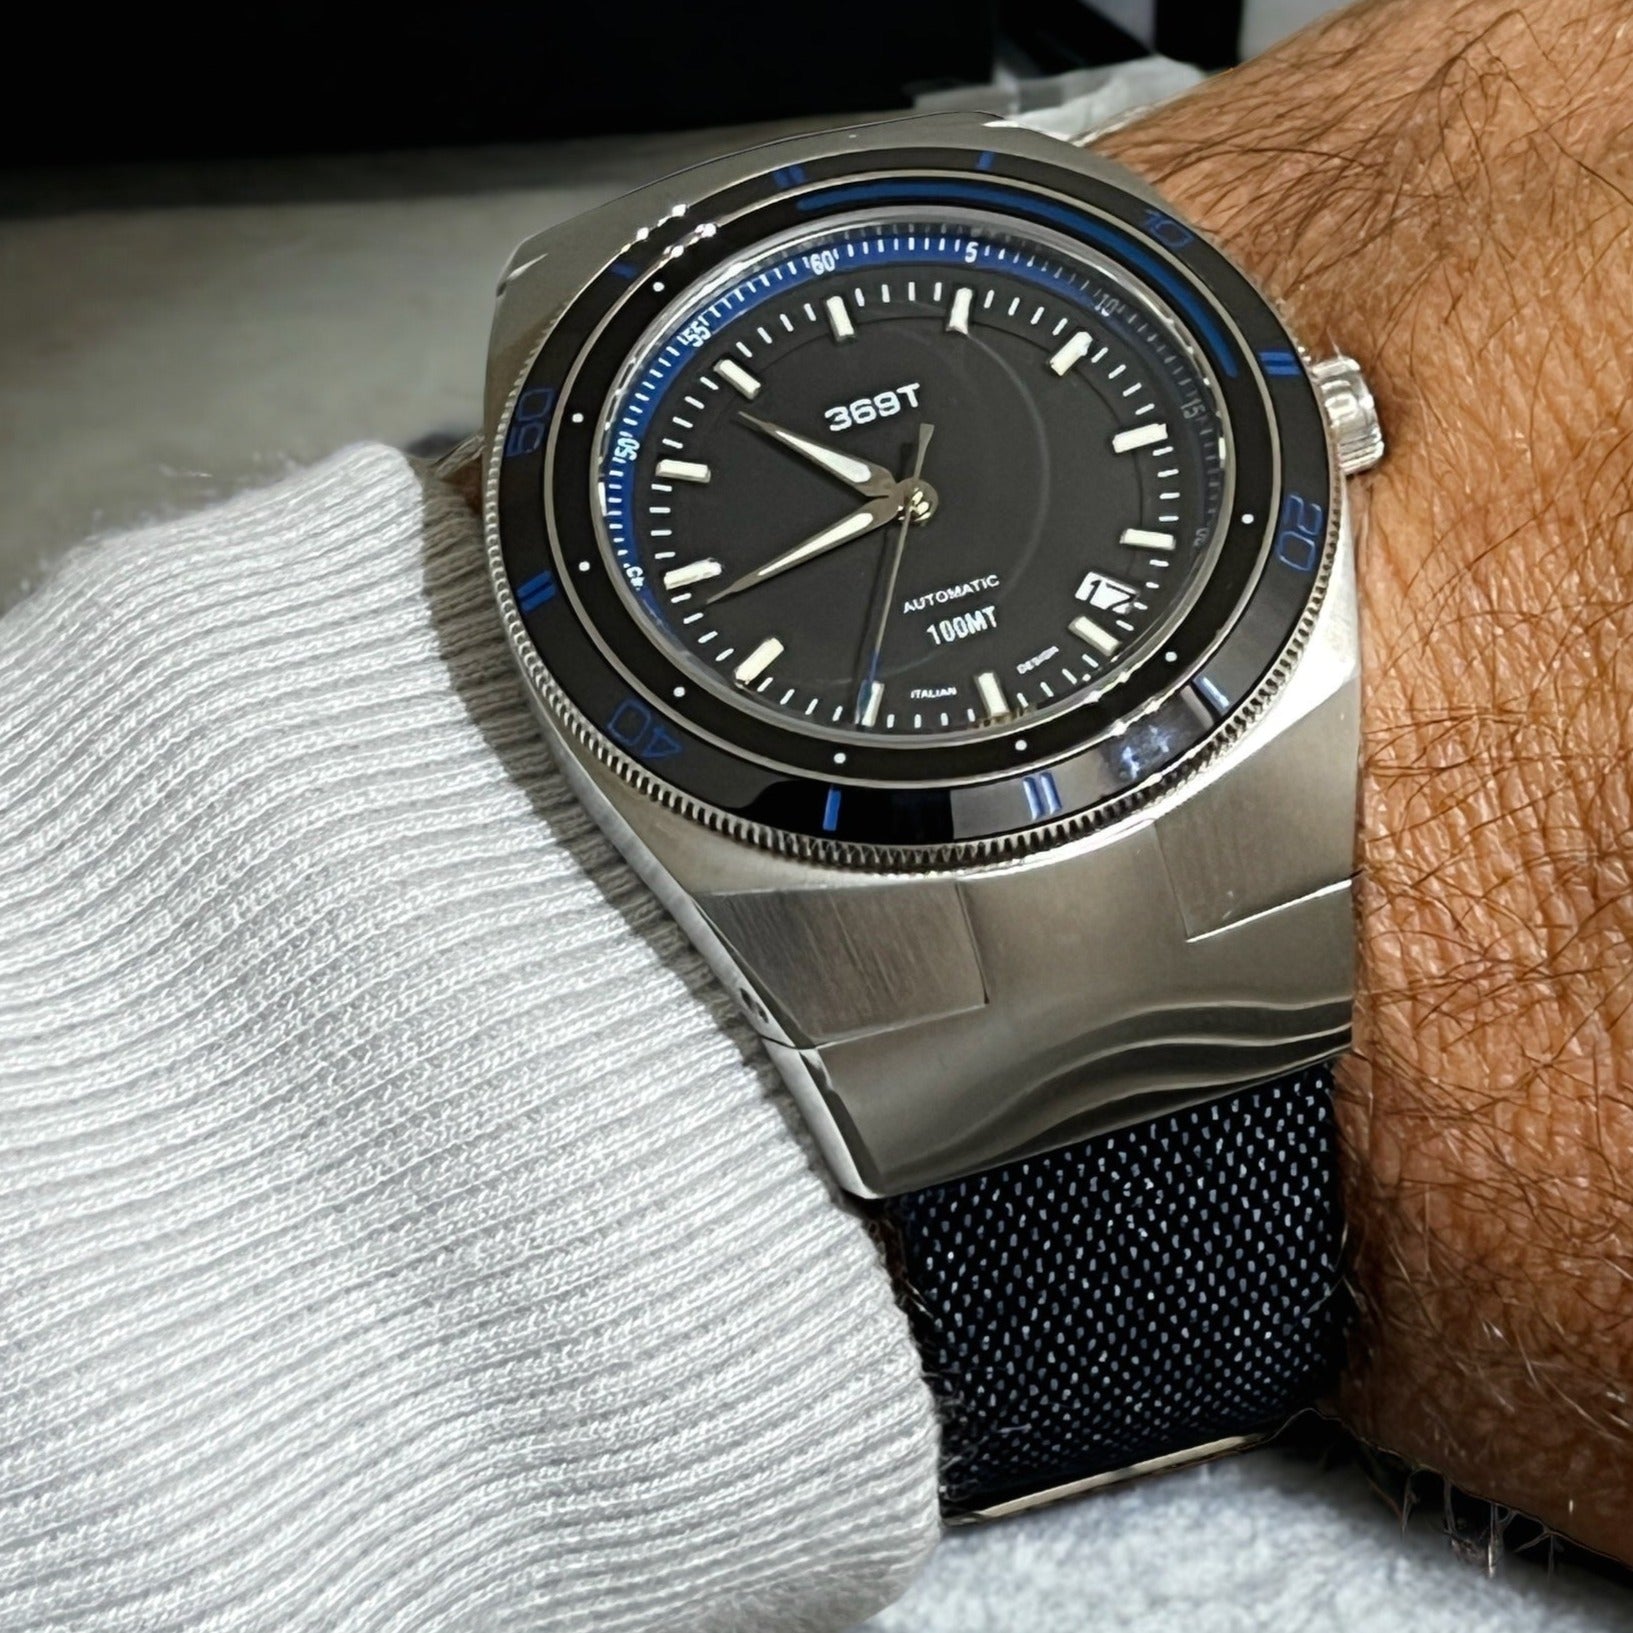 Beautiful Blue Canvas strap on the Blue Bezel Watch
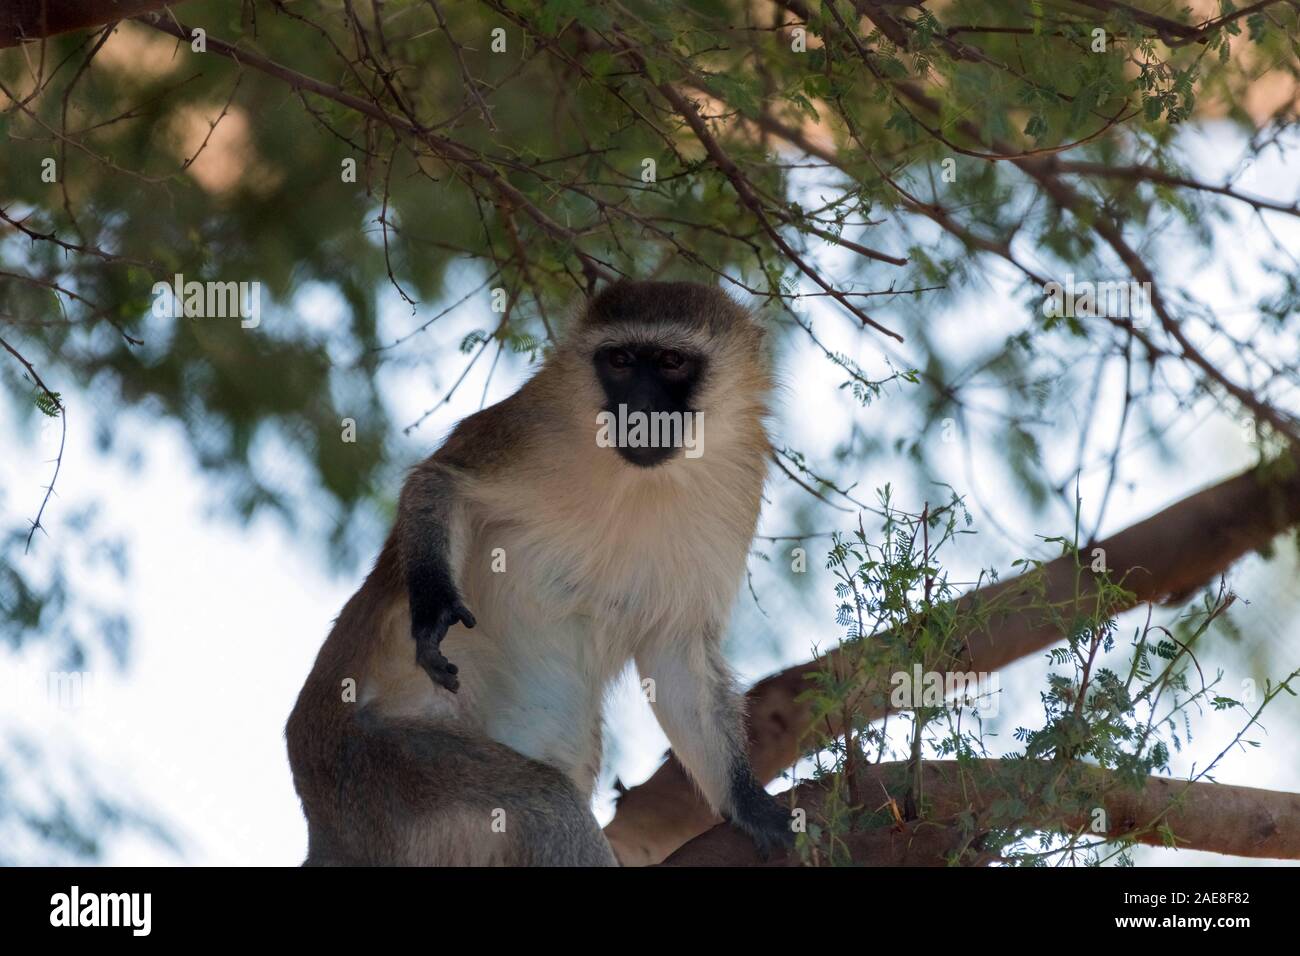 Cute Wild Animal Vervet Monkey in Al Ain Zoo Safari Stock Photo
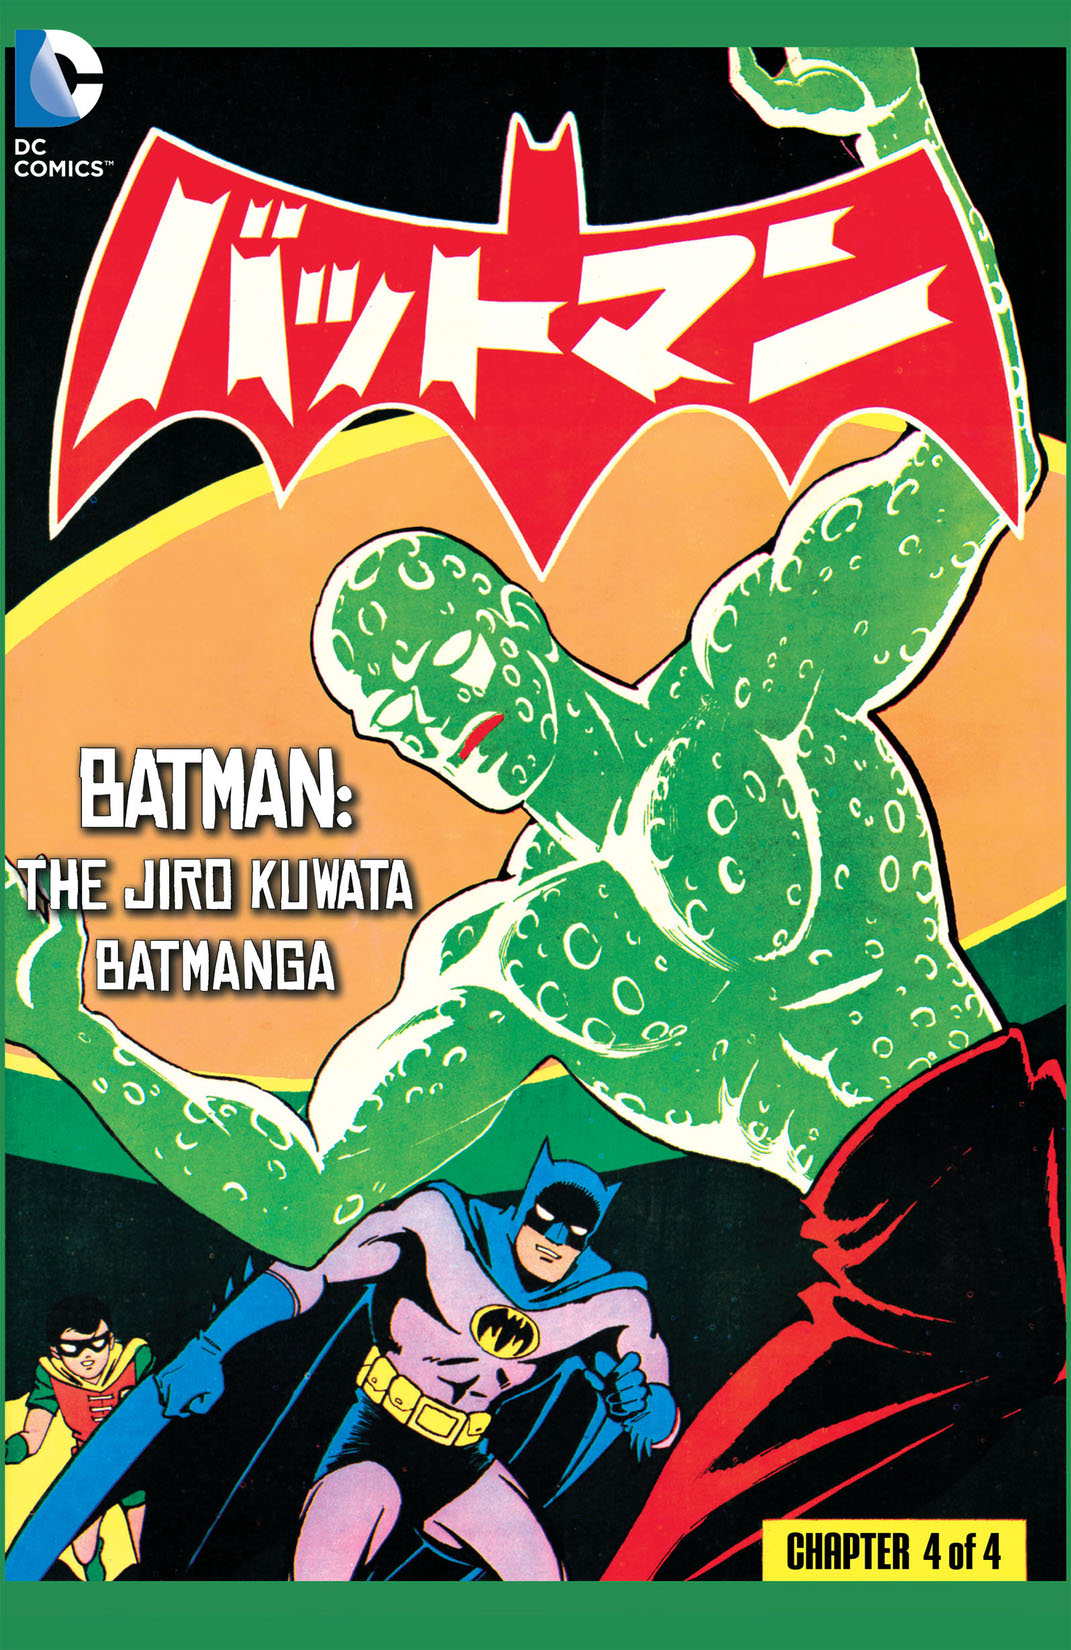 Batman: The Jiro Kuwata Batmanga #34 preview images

^^^^^^^^^^^^^^^^

WHAT TO PRODUCE — Repeat the material exactly. Any picture in it should be dropped.

WRITTEN SOLUTION —
 Beautiful Blue Canvas strap on the Blue Bezel Watch
 Cute Wild Animal Vervet Monkey in Al Ain Zoo Safari Stock Photo
 Batman: The Jiro Kuwata Batmanga #34 preview images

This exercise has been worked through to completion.